Ascorbate oxidase from Cucurbita pepo medullosa. New method of purification and reinvestigation of properties.

1. Ascorbate oxidase has been isolated from the green squash Cucurbita pepo medullosa by a new purification method. Furthermore a low-molecular-weight copper protein containing one type-1 copper/20000 Mr could be separated during the purification of the oxidase. The six-step procedure developed improved the yield of ascorbate oxidase by a factor of 2.5. The method is well reproducible and a constant value of 8 Cu (7.95 +/- 0.1/140000 Mr) has been established. By ultracentrifugal and electrophoretic criteria the enzyme preparations have been found to be homogeneous. They exhibited a specific activity of 3930 +/- 50 units/mg protein or 1088 +/- 15 units/microgram copper. 2. The pure enzyme is characterized by the following optical purity indices: A280/A610 = 25 +/- 0.5, A330/A610 = 0.65 +/- 0.05 and A610/A500 = 7.0 +/- 0.25. The molar absorption coeffient of the characteristic absorption maximum at 610 nm (oxidized minus reduced) amounts of 9700 M-1 cm-1 . 3. Computer simulations of the electron paramagnetic resonance (EPR) spectra of the oxidized enzyme reveal the following parameters: for the type-1 (blue) copper gz = 2.227, gy = 2.058, gx = 2.036; Az = 5.0 mT, Ay = Ax = 0.5 mT, for the type-2 (non-blue) copper g parallel to = 2.242, g perpendicular = 2.053; A parallel to = 19.0 mT, A perpendicular 0.5 mT. Out of the eight copper atoms present in the oxidase four are detectable by EPR. Of these, three belong to the type-1 class, and one to the type-2 class, as demonstrated by computer simulations of the EPR spectra. 4. To achieve full reduction of the enzyme, as measured by bleaching of the blue chromophore, four equivalents of L-ascorbate or reductase must be added in the absence of molecular oxygen.
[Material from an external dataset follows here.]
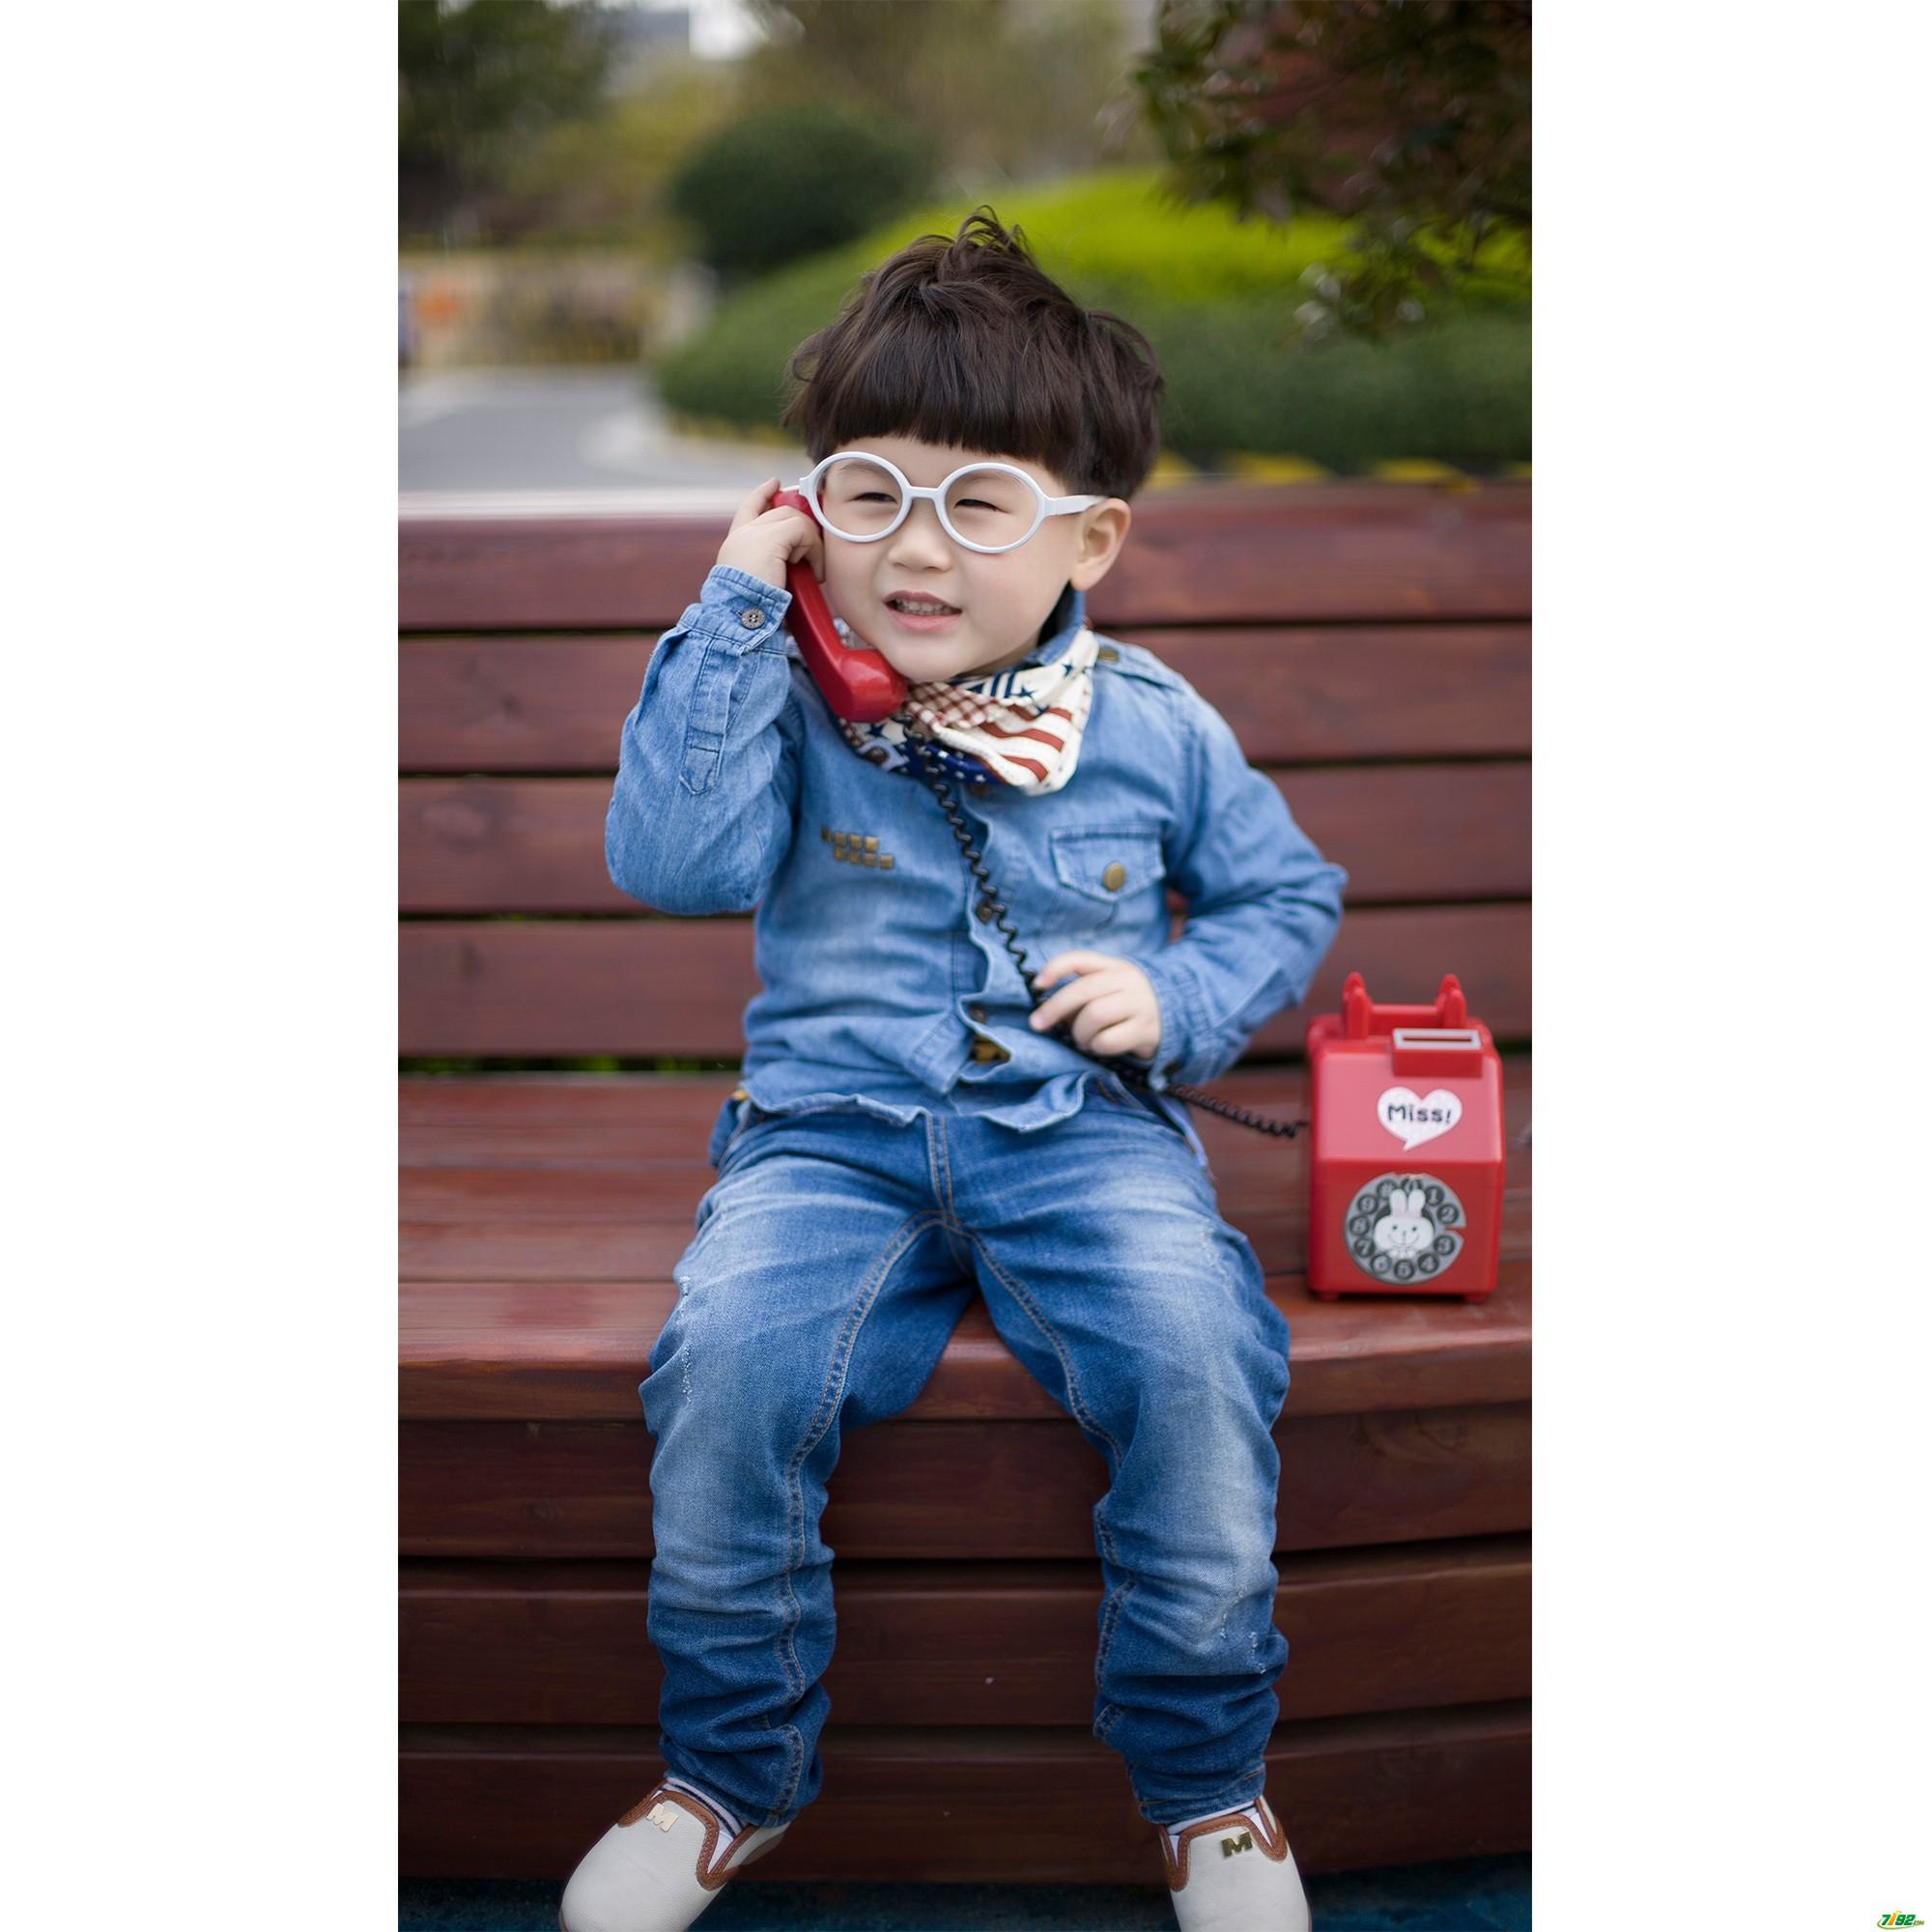 儿童外景原片 第6张 摄影师徐先生 儿童摄影儿童外景原片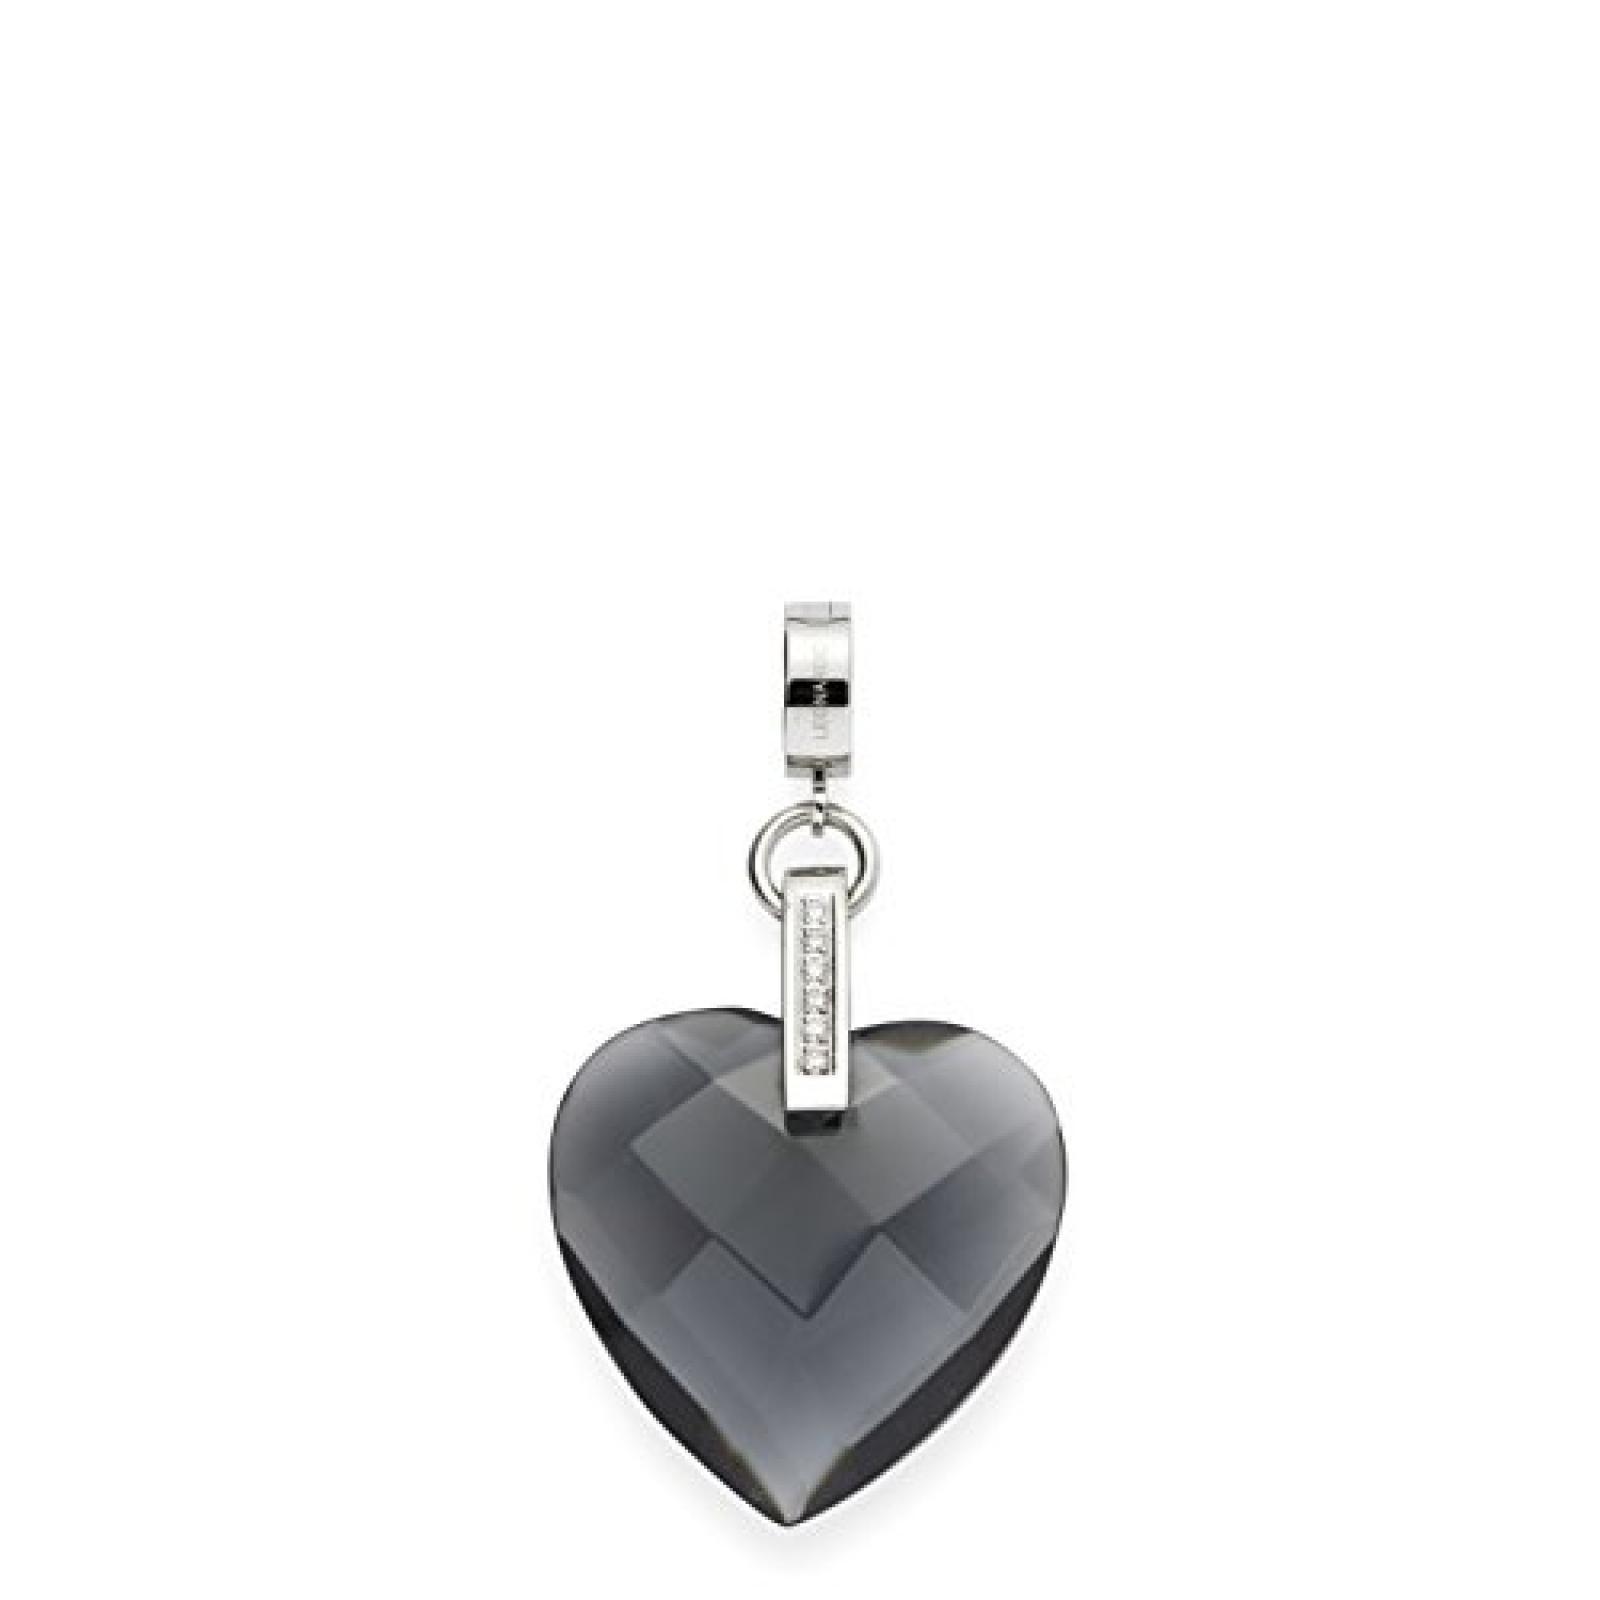 Leonardo Jewels Damen-Anhänger Edelstahl Glas Darlins 5.5 cm 015375

Upon reduction of the enzyme the fluorescence at 330 nm (lambda max ex = 295 nm) is enhanced by a factor of 1.5 to 1.75. The reduced enzyme is readily reoxidized by dioxygen, ferricyanide or hydrogen peroxide. It binds two molecules of hydrogen peroxide in the oxidized state (1/type-3 Cu pair), which can be monitored by a characteristic increase of the absorbance around 310 nm (delta epsilon = 1000 +/- 50 M-1 cm-1). Corresponding changes in EPR and fluorescence spectra have not been detected.